Task directions | Leaving out the images, reproduce every line of the data that follows exactly.

Information supplied |
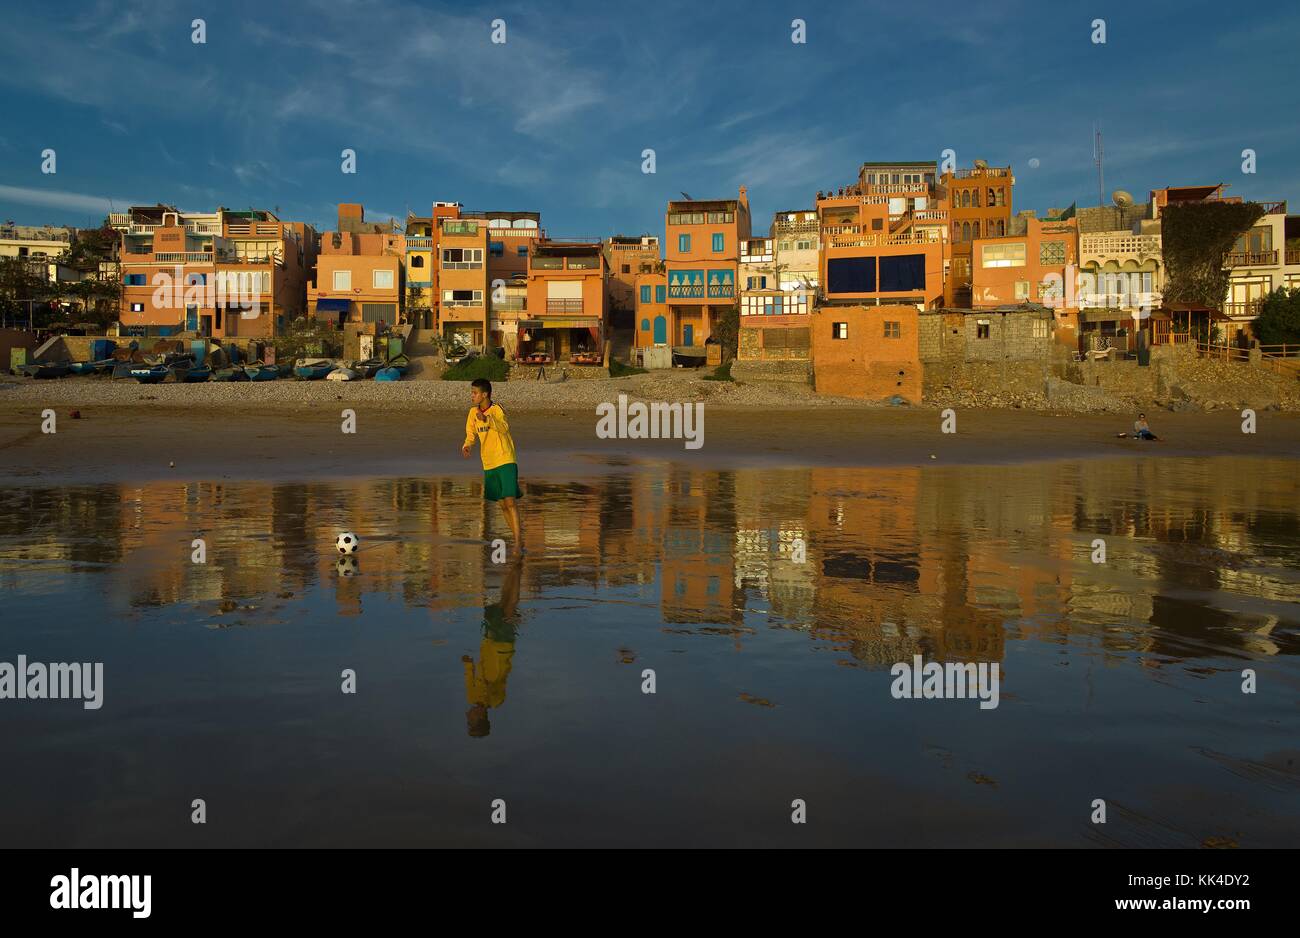 Taghazout. - 06/03/2012 - - Taghazout. - riflessione del Marocco. - Sylvain Leser / le Pictorium Foto Stock
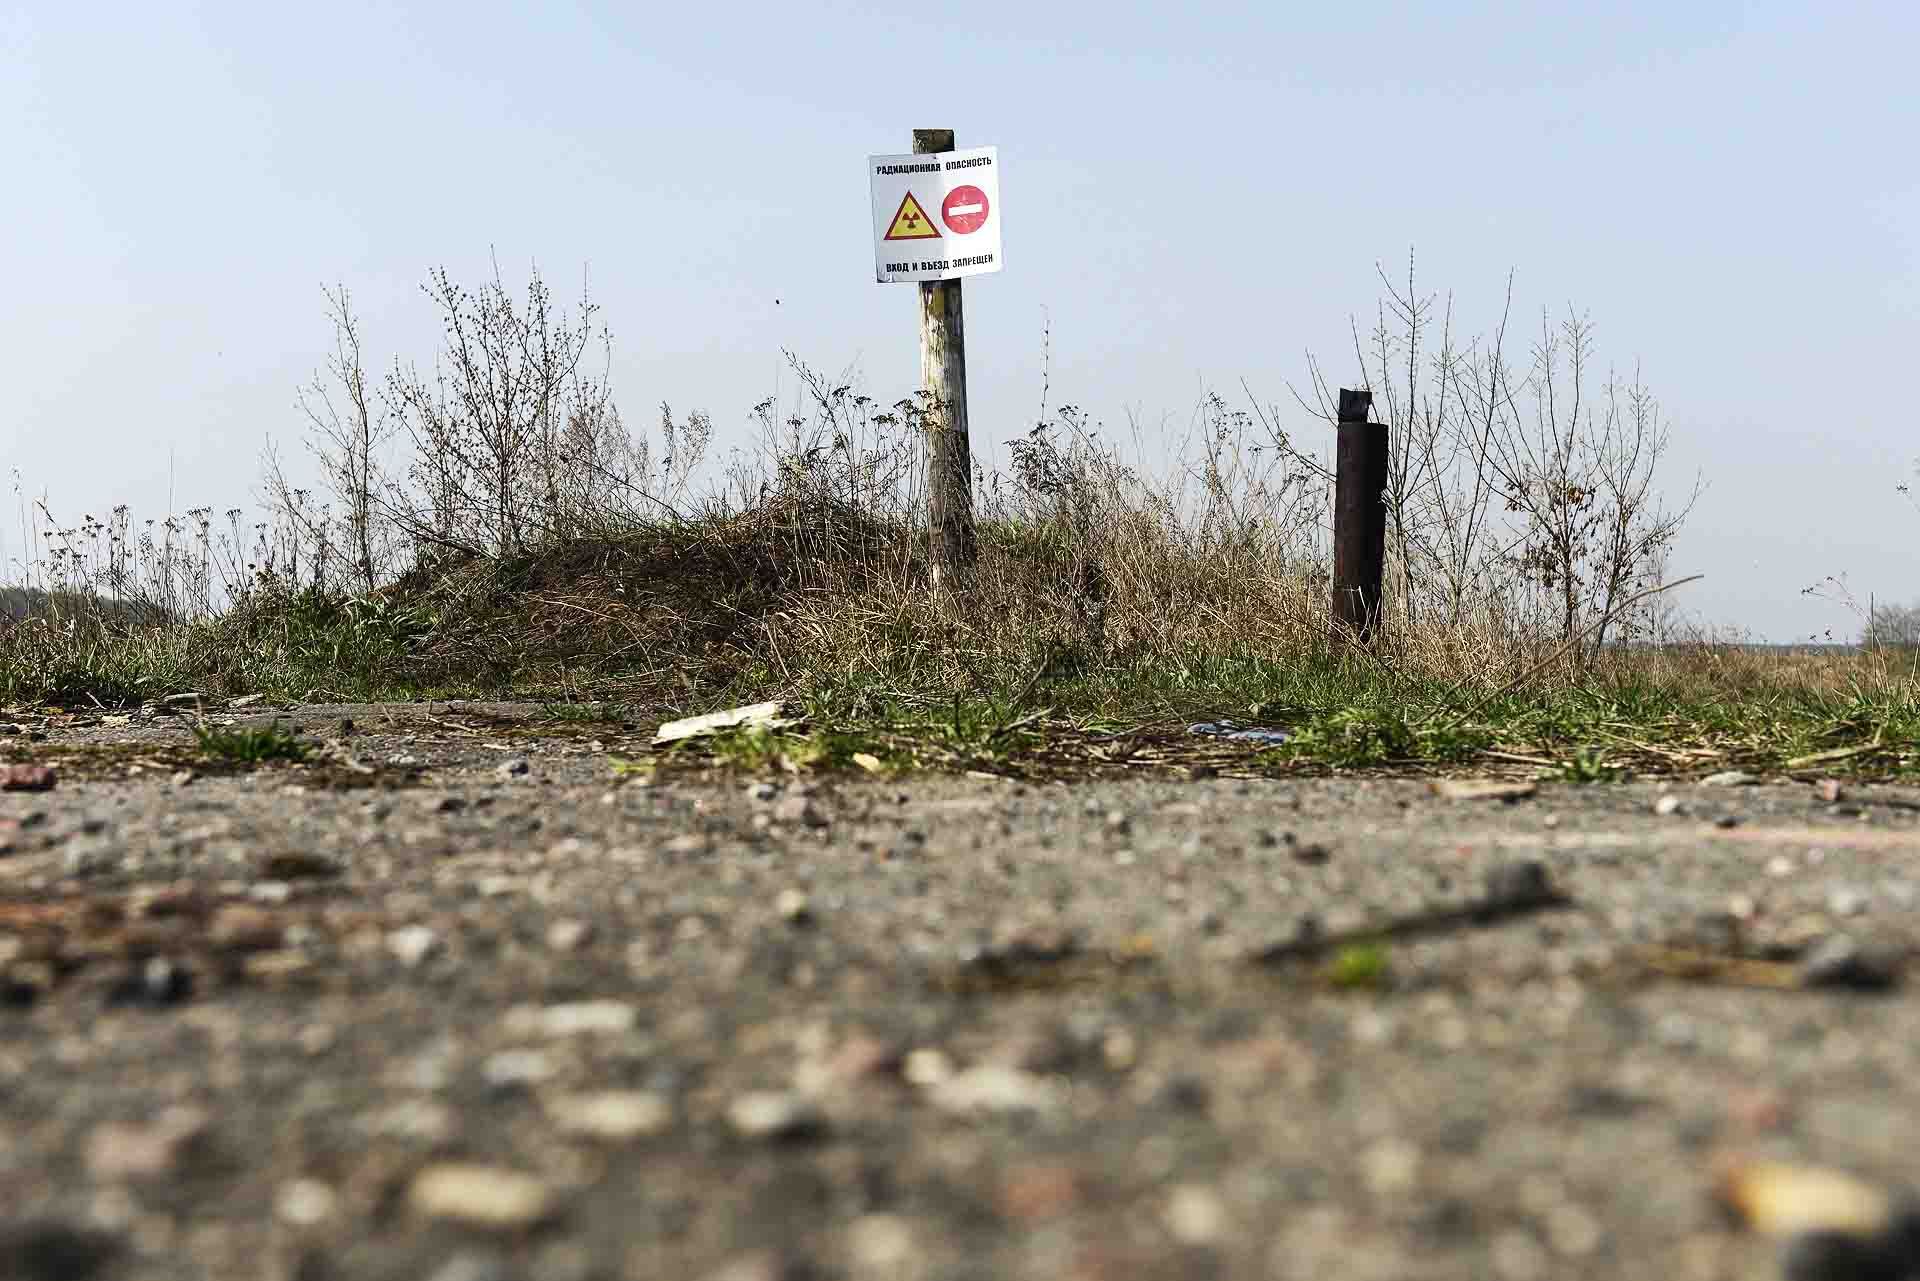 Acceso prohibido a la zona de exclusión, en la región de Gomel, al sureste de Bielorusia / Foto: Alfons Rodríguez
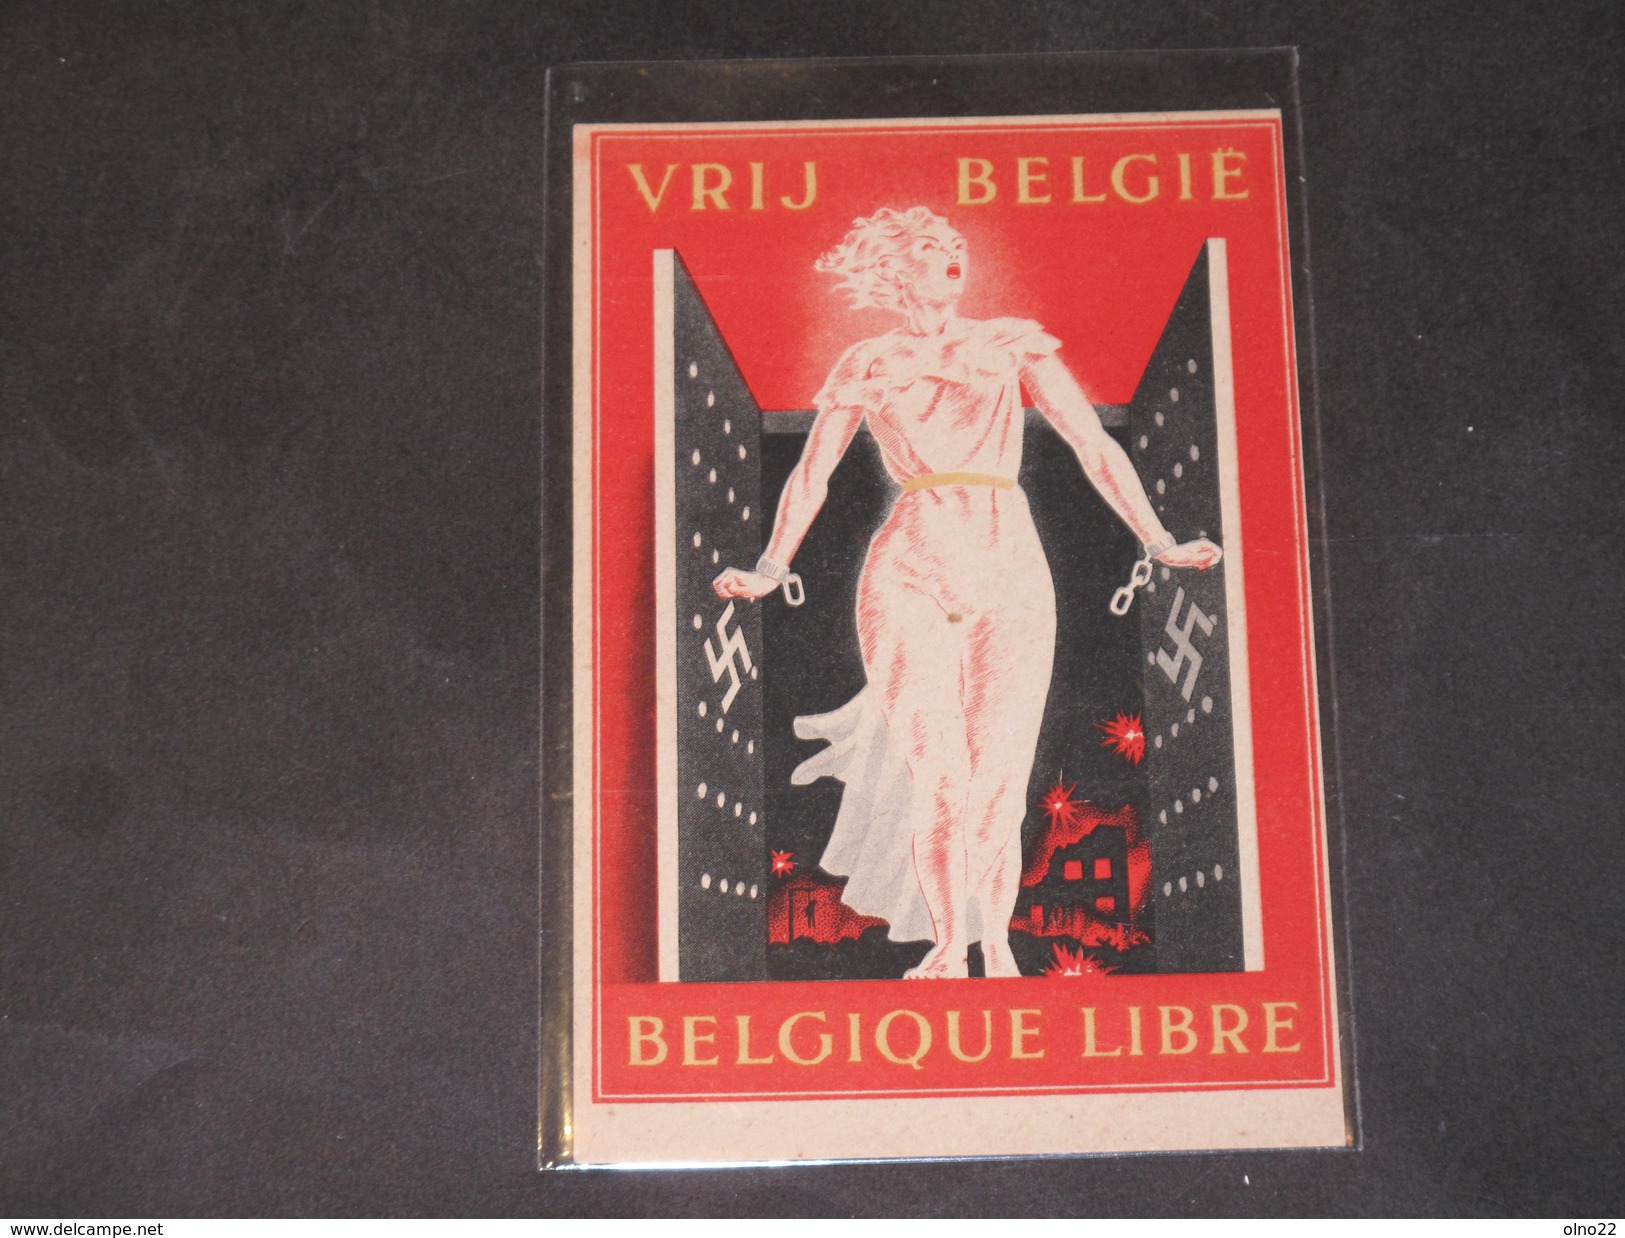 VRIJ BELGIE - BELGIQUE LIBRE - CPA Vendue Au Profit Des Détenus Civils. - Guerra 1939-45

Answer below |
 Taghazout. - 06/03/2012 - - Taghazout. - riflessione del Marocco. - Sylvain Leser / le Pictorium Foto Stock
 Acceso prohibido a la zona de exclusión, en la región de Gomel, al sureste de Bielorusia / Foto: Alfons Rodríguez
 VRIJ BELGIE - BELGIQUE LIBRE - CPA Vendue Au Profit Des Détenus Civils. - Guerra 1939-45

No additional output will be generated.